In July 2011, Bruce declared his intention to change his name to "Runako Reth".

===BC Lions===
On August 3, 2011, Bruce was traded to the BC Lions in exchange for a third-round draft pick in the 2012 CFL draft and an additional conditional draft pick in the 2013 CFL Draft. Bruce had a productive season with the Lions, recording 49 catches for 755 yards and eight touchdowns in 12 games. In the 99th Grey Cup game against the Winnipeg Blue Bombers, he had 73 yards receiving and a touchdown and won his second championship. During the following off-season, he signed a contract extension with the Lions. On January 18, 2013, Bruce was released by the BC Lions.

===Montreal Alouettes===
On January 21, 2013, Bruce signed with the Montreal Alouettes of the Canadian Football League. Arland Bruce had a respectable 2013 season with the Alouettes. He contributed 64 pass receptions, his most since 2010, for 851 yards with 5 touchdowns. In February 2014, Bruce was fined an undisclosed amount by the CFL following his Instagram post in which he told openly gay NFL prospect Michael Sam to, "get on his knees and submit to God fully". Bruce was released by the Alouettes in late February.
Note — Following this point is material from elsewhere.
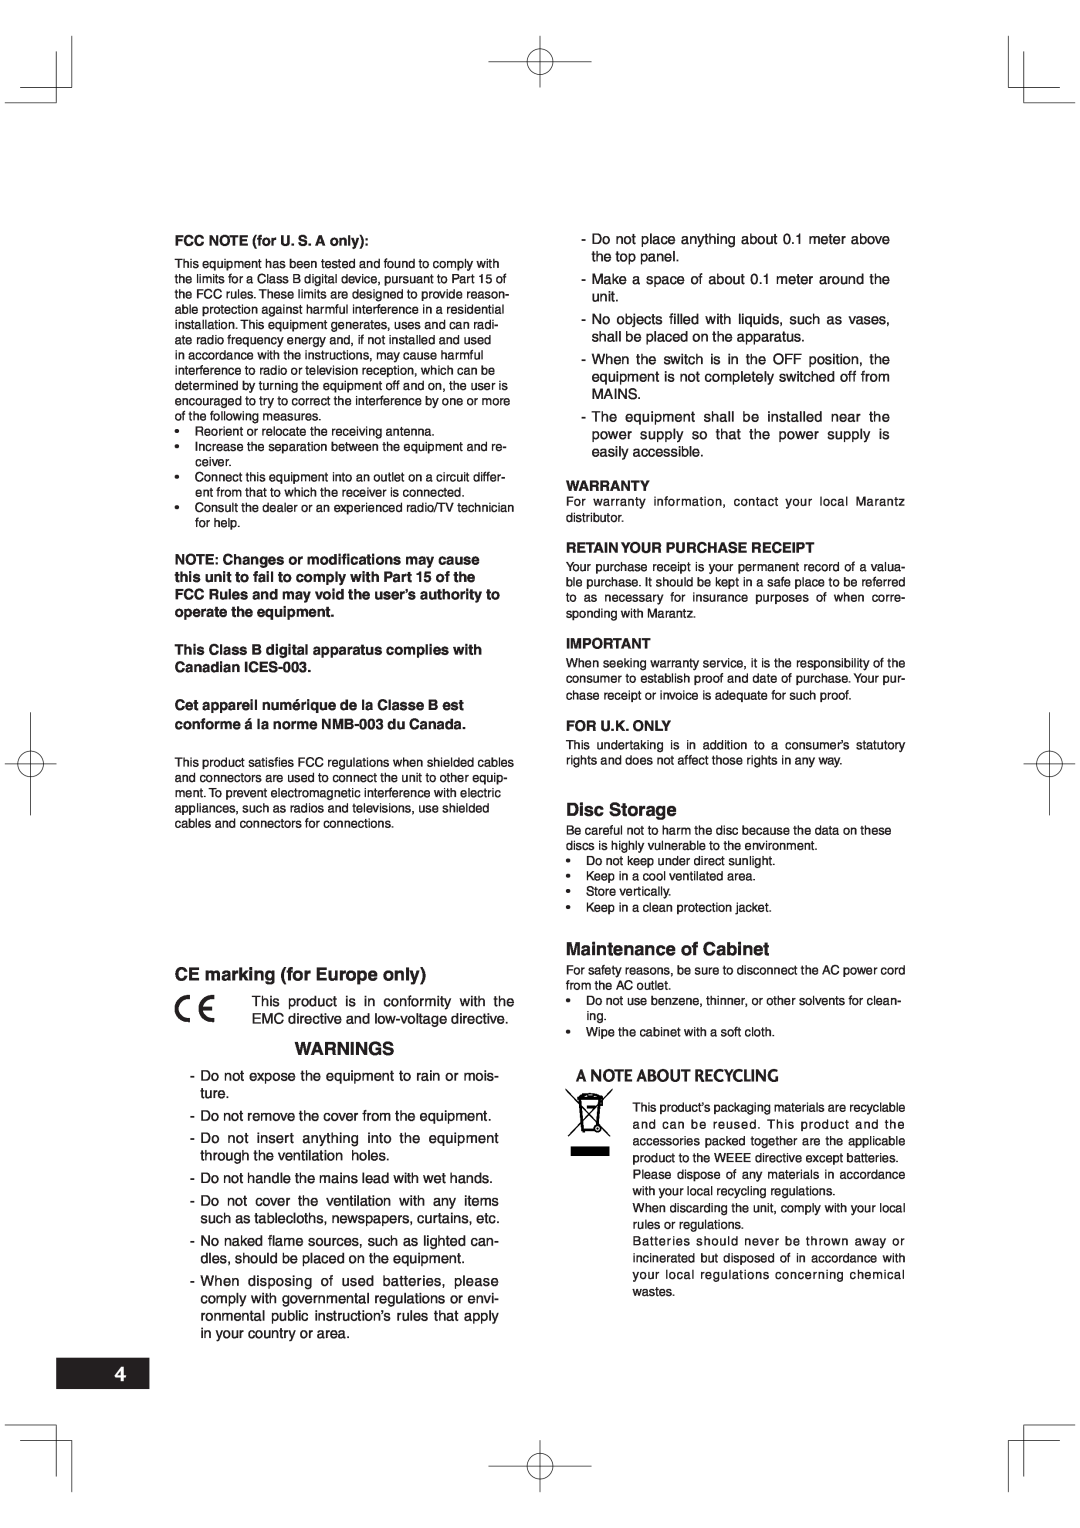 Marantz VC6001 manual CE marking for Europe only, Warnings, Disc Storage, Maintenance of Cabinet, A Note About Recycling

Bruce's high salary along with the belief that new head coach Tom Higgins would start two Canadian wide receivers were cited as the reasons for his dismissal.

==CFL statistics==
| Receiving | | Regular season | | Playoffs | | | | | | | | | |
| Year | Team | Games | No. | Yards | Avg | Long | TD | Games | No. | Yards | Avg | Long | TD |
| 2001 | WPG | 18 | 48 | 818 | 17.0 | 62 | 7 | 2 | 7 | 122 | 17.4 | 38 | 1 |
| 2002 | WPG | 18 | 67 | 1,062 | 15.9 | 55 | 12 | 2 | 3 | 79 | 26.3 | 33 | 0 |
| 2004 | TOR | 7 | 16 | 247 | 15.4 | 34 | 1 | 3 | 22 | 228 | 10.4 | 25 | 2 |
| 2005 | TOR | 16 | 67 | 1,205 | 18.0 | 89 | 11 | 1 | 2 | 17 | 8.5 | 7 | 0 |
| 2006 | TOR | 18 | 77 | 1,370 | 17.8 | 94 | 11 | 2 | 10 | 186 | 18.6 | 77 | 2 |
| 2007 | TOR | 14 | 61 | 839 | 13.8 | 49 | 7 | 1 | 4 | 131 | 32.8 | 90 | 0 |
| 2008 | TOR | 18 | 92 | 1,210 | 13.2 | 51 | 9 | Team did not qualify | | | | | |
| 2009 | TOR | 3 | 14 | 199 | 14.2 | 38 | 1 | | | | | | |
| 2009 | HAM | 14 | 74 | 1,043 | 14.1 | 49 | 9 | 1 | 6 | 80 | 13.3 | 36 | 0 |
| 2010 | HAM | 16 | 86 | 1,303 | 15.2 | 58 | 8 | 1 | 7 | 76 | 10.9 | 22 | 0 |
| 2011 | HAM | 4 | 9 | 104 | 11.6 | 33 | 0 | | | | | | |
| 2011 | BC | 12 | 49 | 755 | 15.4 | 100 | 8 | 2 | 9 | 155 | 17.2 | 43 | 1 |
| 2012 | BC | 18 | 43 | 603 | 14.0 | 55 | 5 | 1 | 6 | 56 | 9.3 | 19 | 0 |
| 2013 | MTL | 17 | 64 | 851 | 13.3 | 86 | 5 | 1 | 2 | 26 | 13 | 15 | 0 |
| CFL totals | 193 | 767 | 11,609 | 15.1 | 100 | 94 | 17 | 78 | 1,156 | 14.8 | 90 | 6 | |

==Personal life==
His parents are Yolanda Bruce and Arland Richard Bruce Jr. Bruce was married to Linda Bruce, their children include three sons named Arland Bruce IV, Aiden Bruce, and Akobi Bruce. He has two sisters Denise (Kansas) and Kama (California) and one brother Bryson (North Carolina). Bruce is the cousin of former NFL wide receiver Isaac Bruce.